According to a Forbes article published last week, "Online video has become a valuable 21st century learning tool, in and out of the classroom. In the last year, views of educational videos on YouTube doubled." Much of this content is free to use and easy to link to or even embed on a web page or within a course site.

It's not just instructors that seek out this kind of presentation. A study of undergraduate students by researcher Glenda Morgan from the University of Illinois at Urbana-Champaign recently found that "most students shop around for digital texts and videos beyond the boundaries of what professors assign them in class."  These supplemental resources are often found through university productions, such as the Massachusetts Institute of Technology's Open CourseWare and those found on sites like Academic Earth.

Like the TED Talks, online options include presentations created by subject matter experts, with professional animation and video producers, resulting in short features designed to hold the viewers attention. There is a certain amount of storytelling involved that if done well, can draw students into the lesson being presented and positively impact learning along the way.

Ideas for Use in Your Courses

All of these tools remind me a little bit of those days as a young student in a traditional classroom when the teacher announced a film or similar activity. My classmates and I eagerly anticipated this break from the norm, a new source of information that also had the potential to entertain and help us remember what we learned. Who can forget Schoolhouse Rock, for example, and the episode that explained how a bill becomes a law

How could you adopt visual explanation resources in your online course? In a course that is primarily text based, as many online courses are, these materials may be well-received by students as part of:

  • Course discussions: You might ask students to view a recording you've selected. Provide guiding questions to consider and incorporate in an asynchronous or synchronous conversation related to the course learning objectives.
  • "Live" demonstrations: Leading students through a demonstration, like those that often take place in science courses, can be problematic in an online environment. You may find existing videos that will expand your explanations of difficult concepts and assigned readings.
  • Remediation and review: With the range of topics and levels of education represented, your students may appreciate access to these online platforms to review materials that help to explain complex ideas presented in your course. These materials can also provide help for those who need more background information and practice.

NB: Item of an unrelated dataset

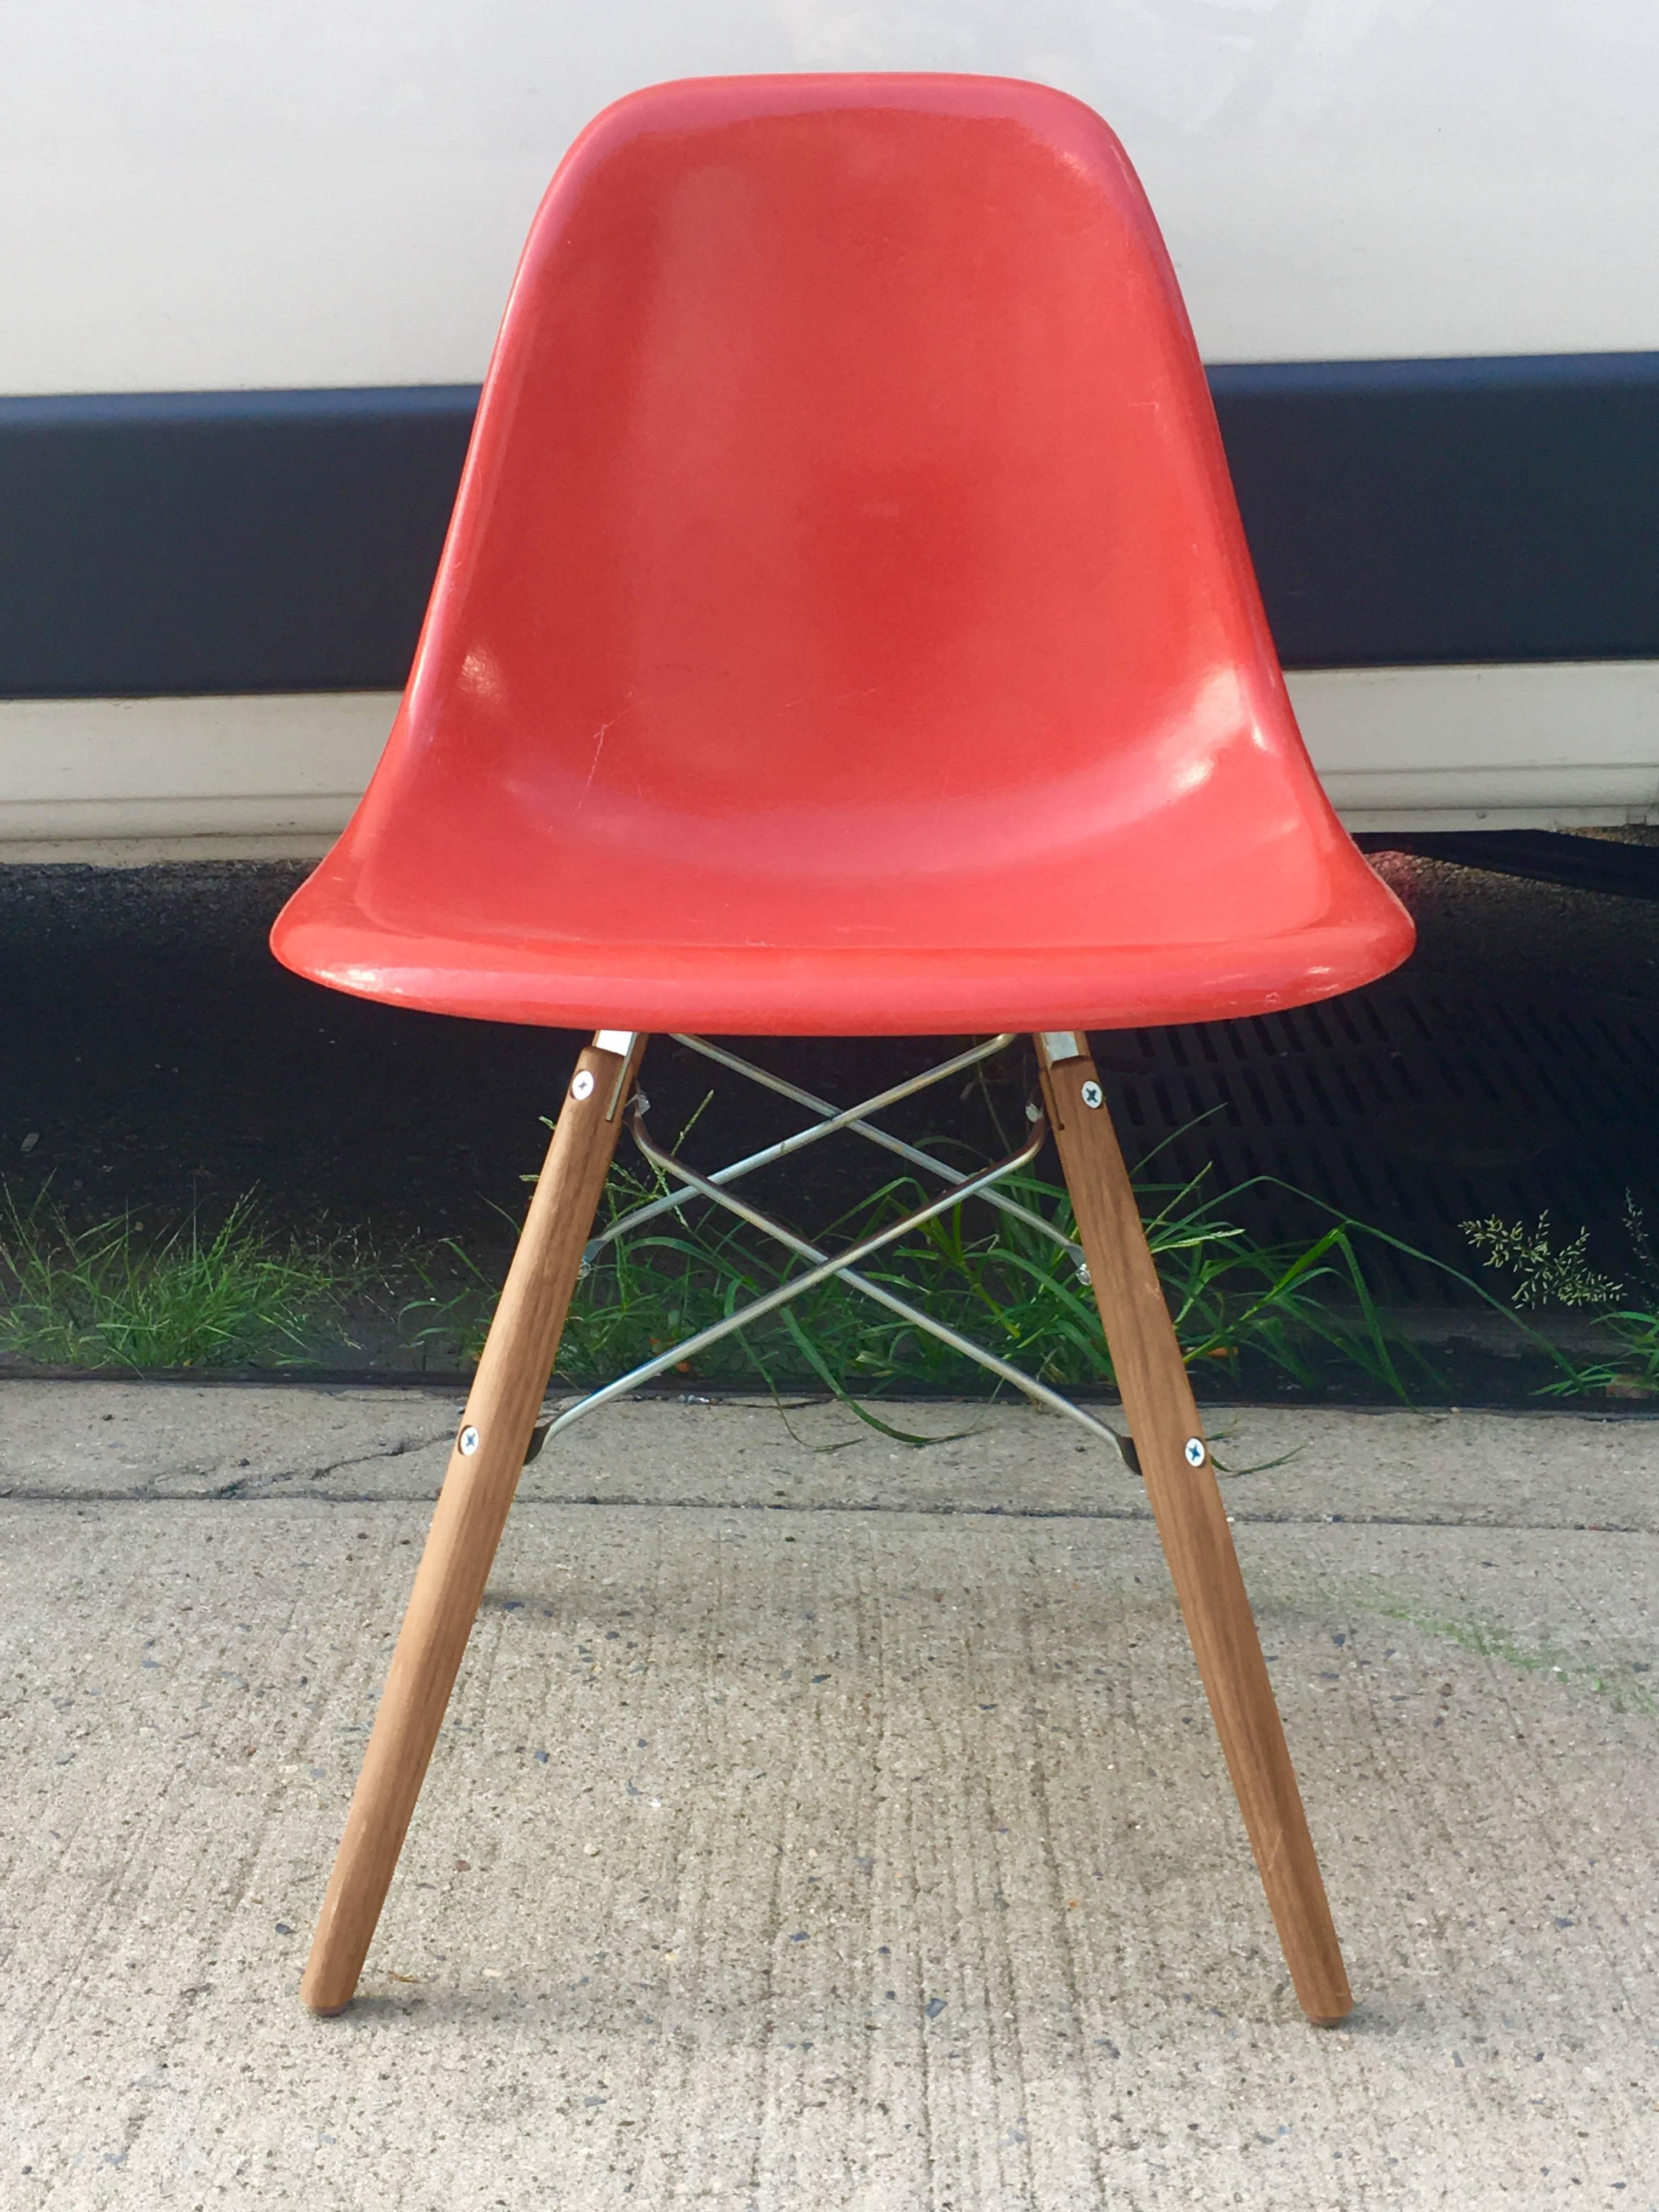 Six multicolored Herman Miller Eames dining chairs on new walnut stained bases. In good condition. One chair with crack along rim. Two red orange, one elephant grey, one cream, one tan, one light yellow. Colors of shells and wooden legs may differ

One of the challenges of using these existing products is finding components relevant for your lessons and in the context of your course and students. You may be interested in creating your own multimedia presentations, and there are multiple tools available to help you with this. As you review the options, keep costs and compatibility with your school's learning management system in mind. A recent post from educator Justin Marquis at OnlineUniversities.com outlines some of the steps required for creating videos similar to those from Kahn Academy.

Consider enlisting the help of instructional designers and media specialists at your school. You might be surprised to find teams available to help you with these kinds of projects through faculty support offices and centers for teaching and learning.

Are you using recorded explanations in your online course? Tell us about your experiences with openly available presentations as well as with developing your own.